Max Mizikar created IMPALA-9429:
-----------------------------------

             Summary: Unioned partition columns break partition pruning
                 Key: IMPALA-9429
                 URL: https://issues.apache.org/jira/browse/IMPALA-9429
             Project: IMPALA
          Issue Type: Bug
    Affects Versions: Impala 3.2.0
            Reporter: Max Mizikar


We have different granularity of partitions on our landing tables vs our compacted tables. We use a view to union our landing and our compacted. After an upgrade from cdh5.15 (Impala v2.12.0) to cdh6.3 (Impala 3.2.0) we started having issues with our union-ed tables.

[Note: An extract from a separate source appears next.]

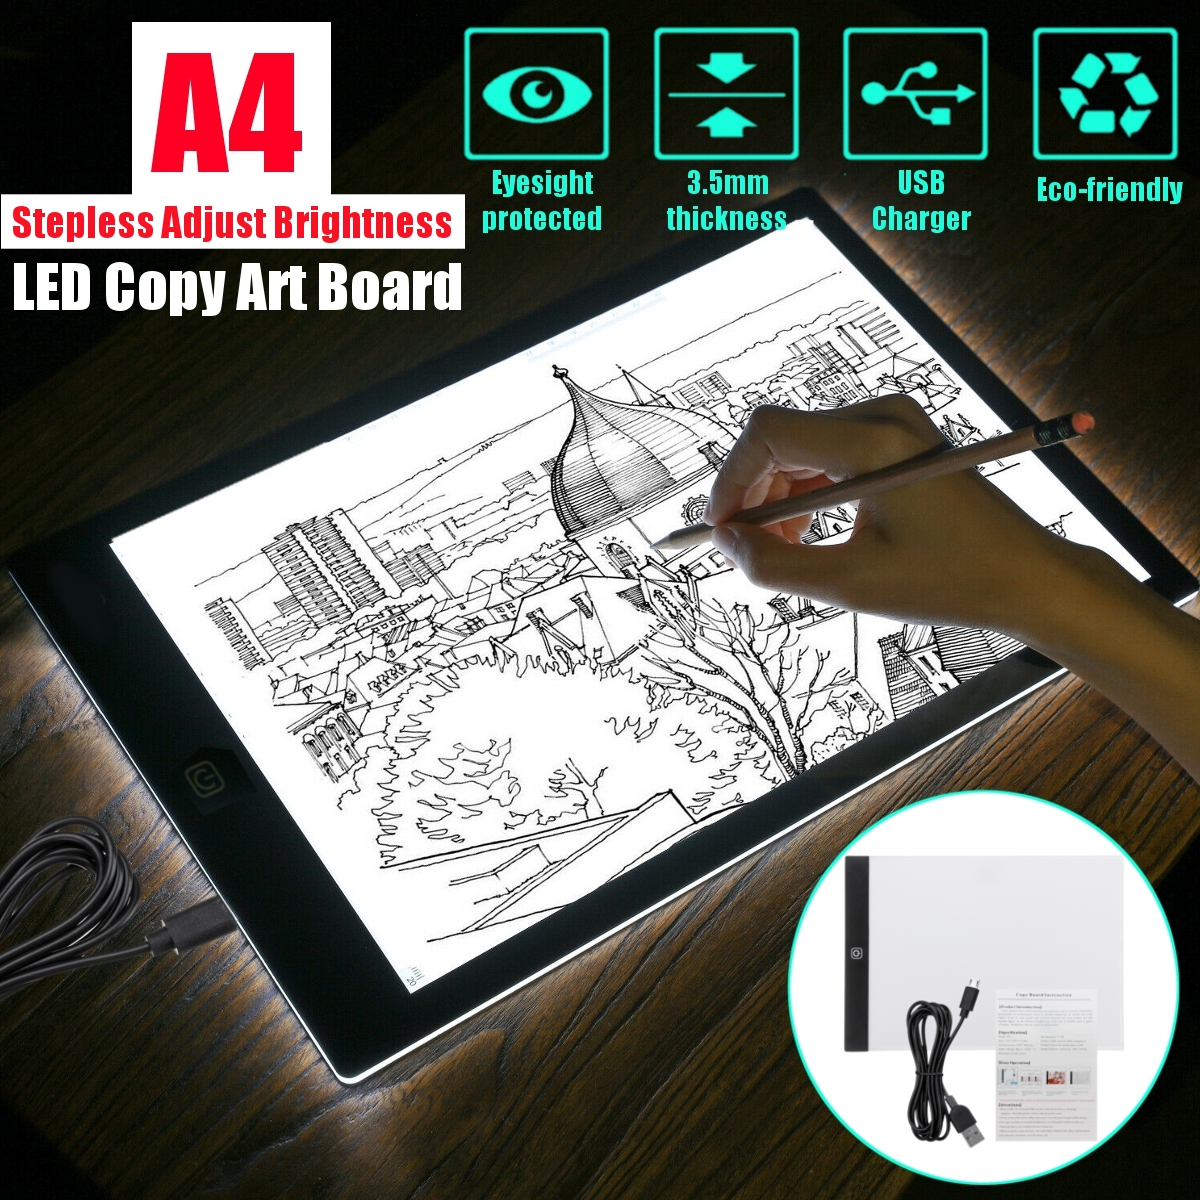 A4-Size-Stepless-Dimming-LED-Copy-Table-Copying-Drawing-Board-Handwritten-Comic-Sketch-Light-Guide-P-1628037-9

I've come up with this as the smallest breaking example.
{code:java}
[:21000] debug> create table debug_with_partition (col1 int) partitioned by (col2 int, col3 int);                                                                                                                                                                                             
Query: create table debug_with_partition (col1 int) partitioned by (col2 int, col3 int)

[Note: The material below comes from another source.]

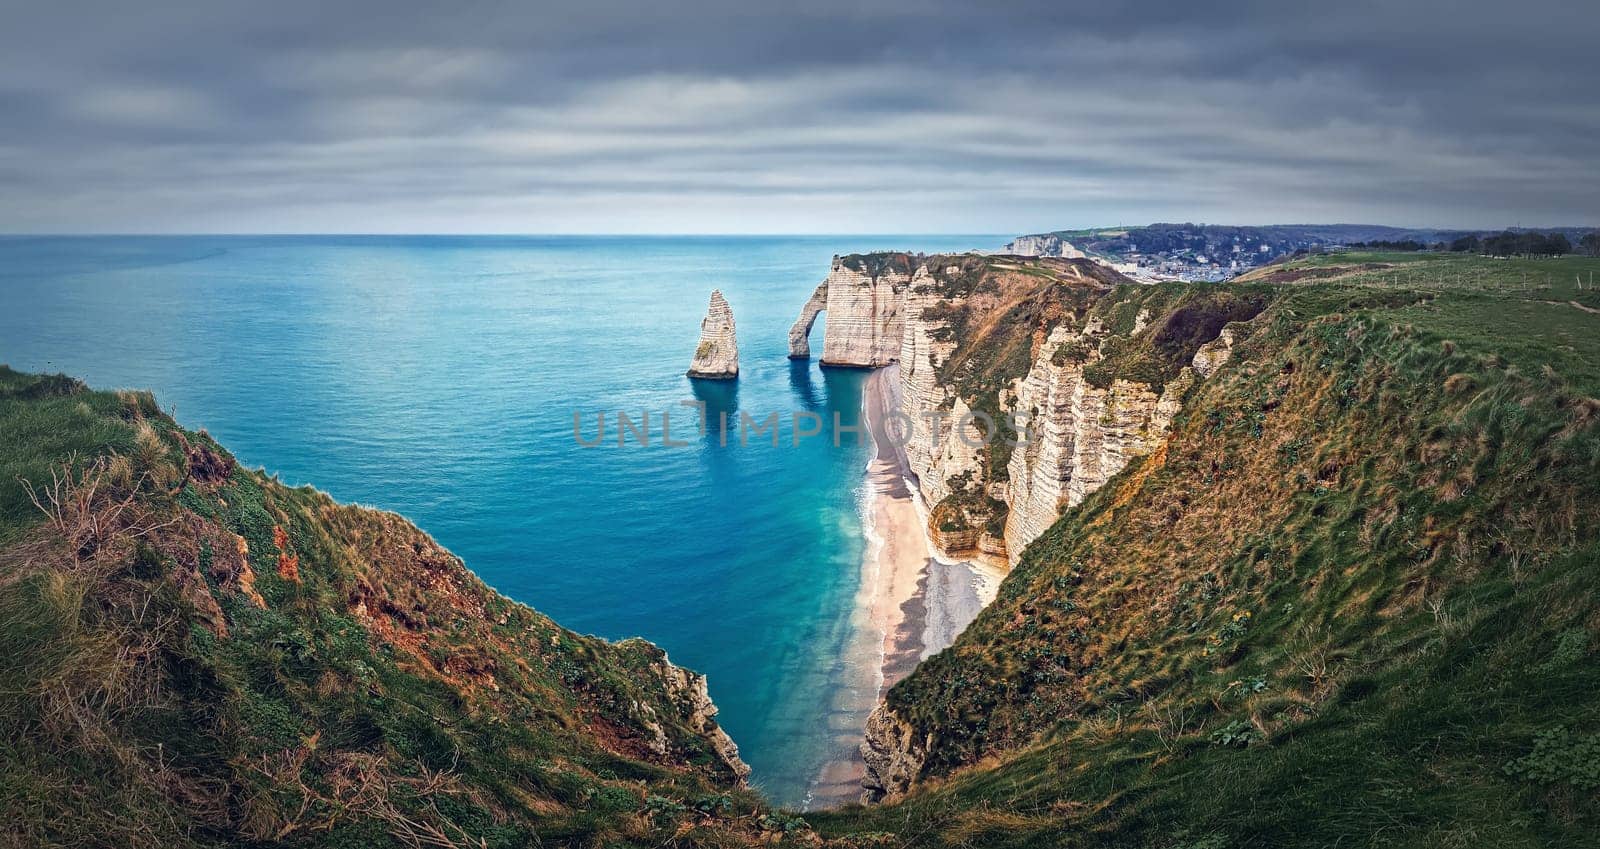 Falaise d'Aval limestone cliffs washed by La Manche channel waters. Beautiful coastline panorama with view to the famous rock Aiguille of Etretat in Normandy, France

+-------------------------+
| summary                 |
+-------------------------+
| Table has been created. |
+-------------------------+
Fetched 1 row(s) in 0.09s
[:21000] debug> create table debug_without_partition (col1 int) partitioned by (col2 int);                                                                                                                                                                                                    
Query: create table debug_without_partition (col1 int) partitioned by (col2 int)

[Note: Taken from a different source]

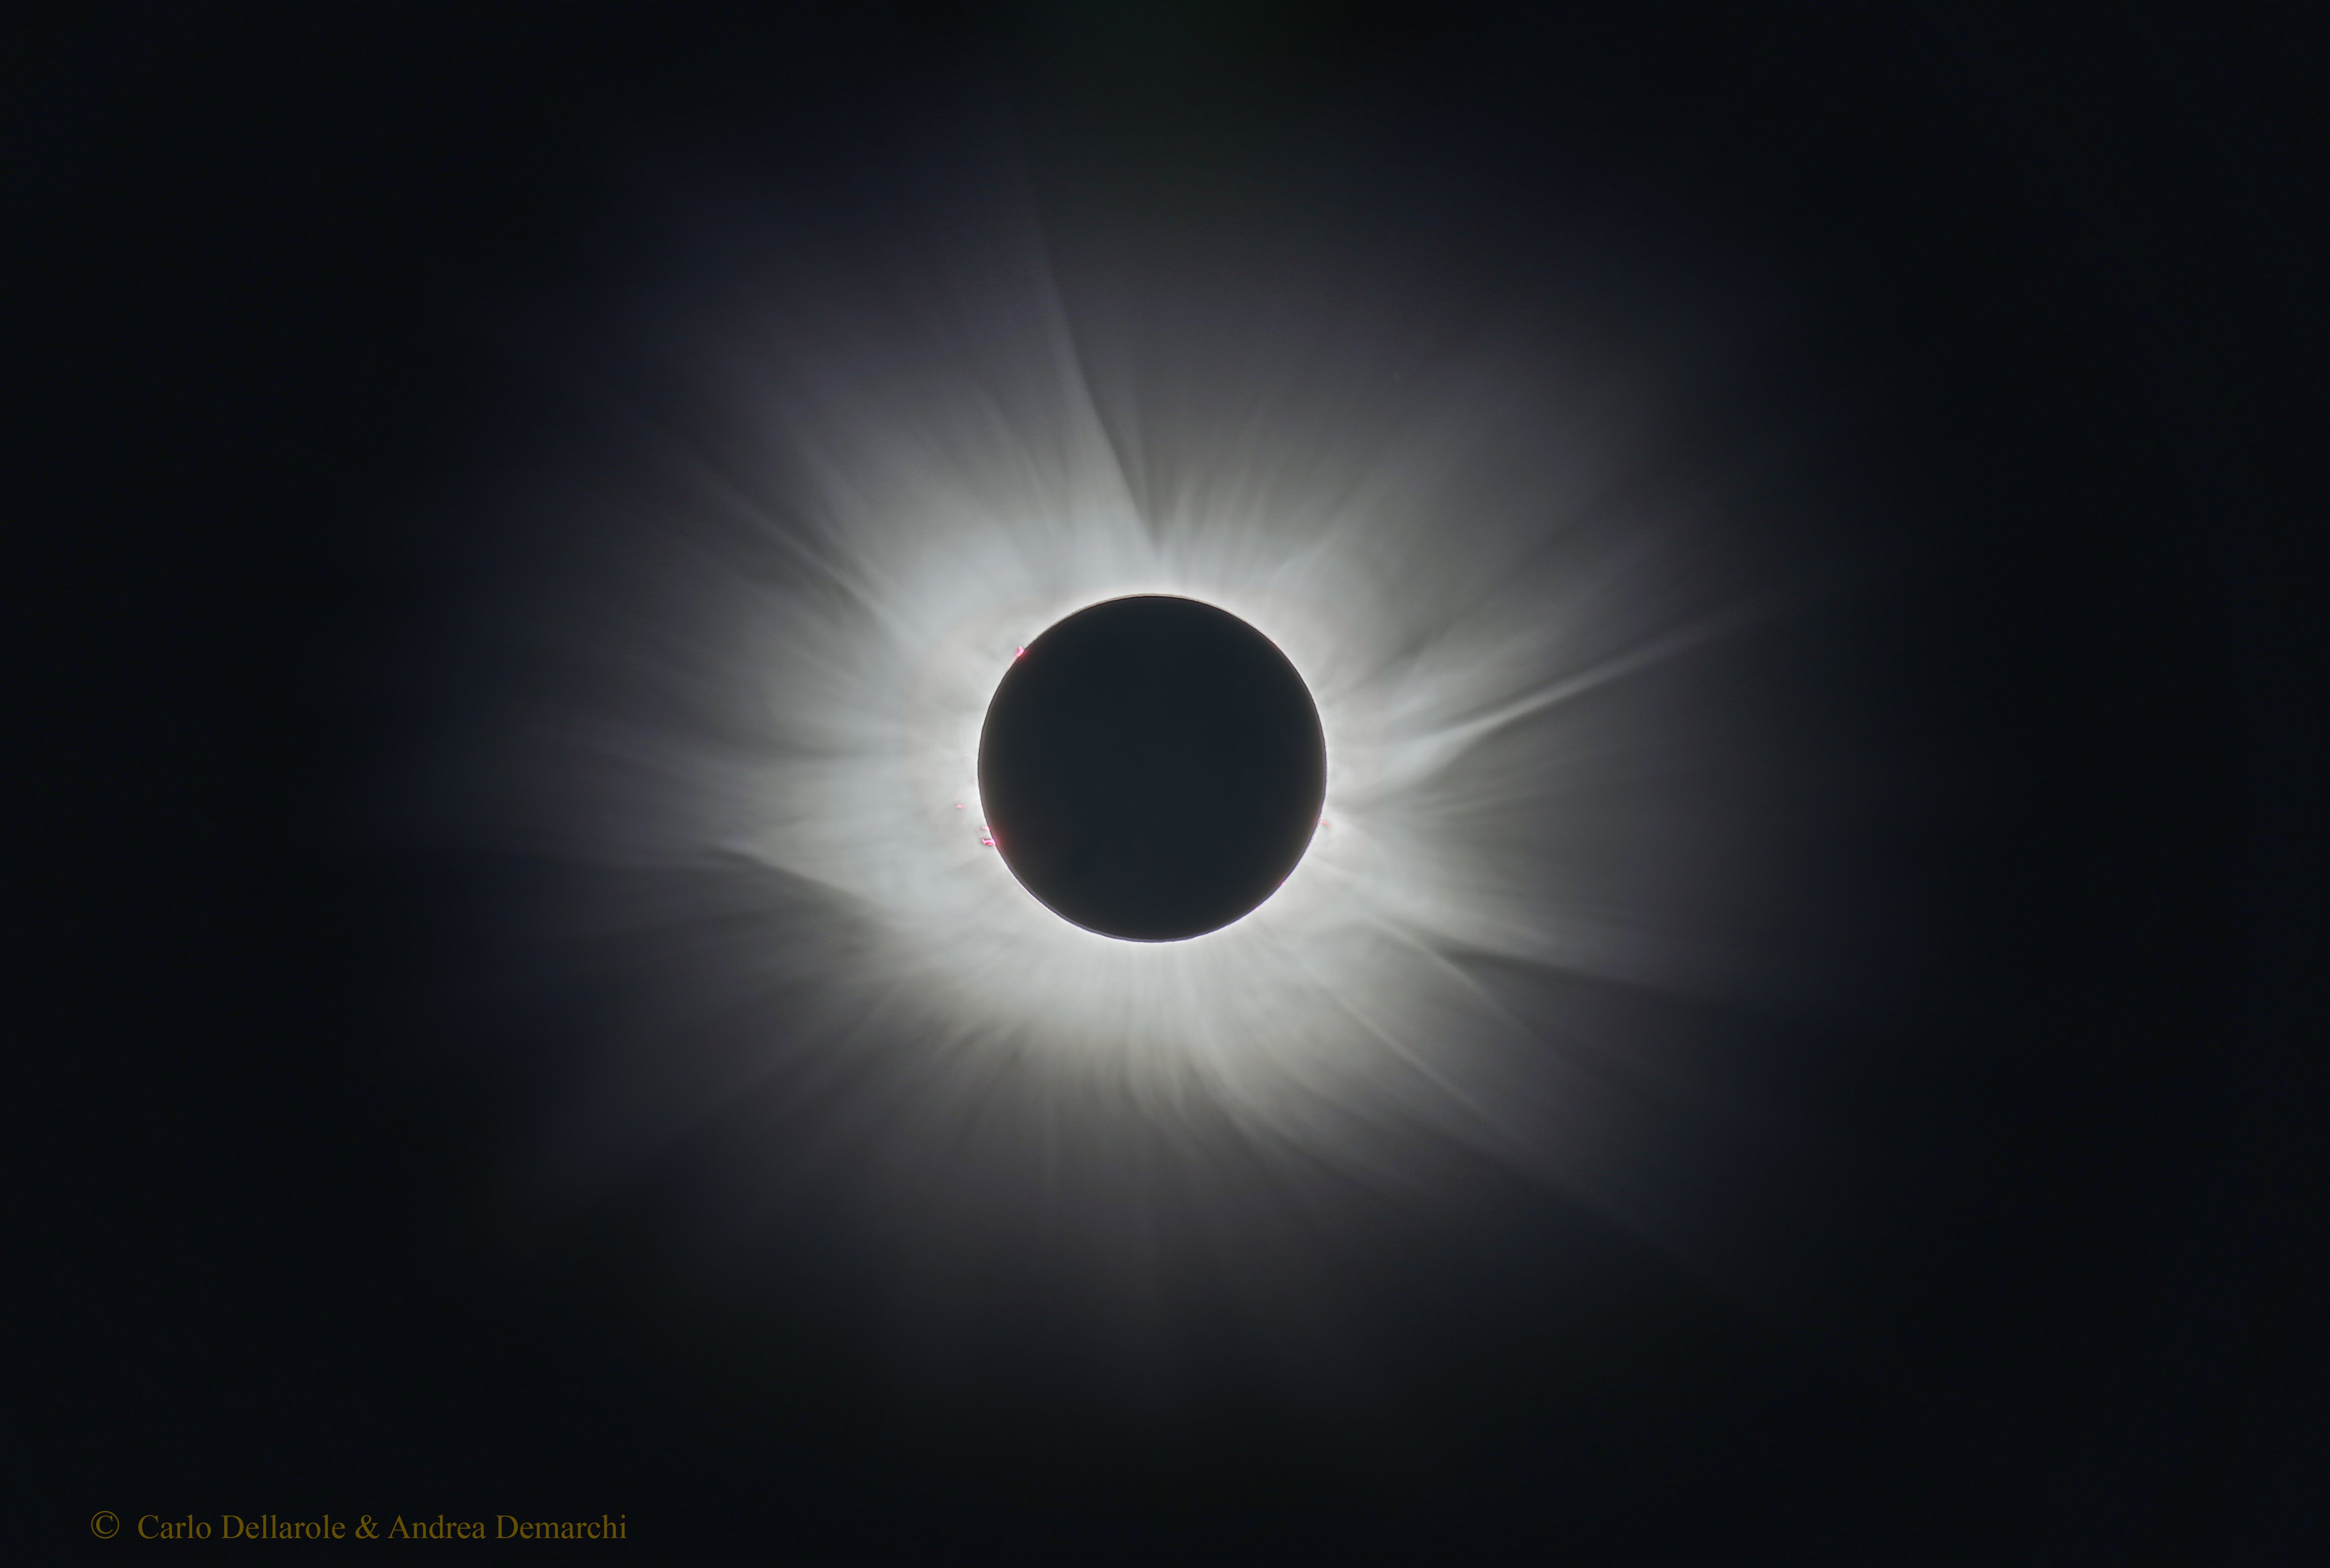 Total sun eclipse photographed from Fær Øer Islands: 622 KB; click on the image to enlarge

+-------------------------+
| summary                 |
+-------------------------+
| Table has been created. |
+-------------------------+
Fetched 1 row(s) in 0.03s
[:21000] debug> create view debug as select col1, col2, col3 from debug_with_partition union all select col1, col2, null from debug_without_partition;                                                                                                                                        
Query: create view debug as select col1, col2, col3 from debug_with_partition union all select col1, col2, null from debug_without_partition
Query submitted at: 2020-02-26 17:04:58 (Coordinator: :25000)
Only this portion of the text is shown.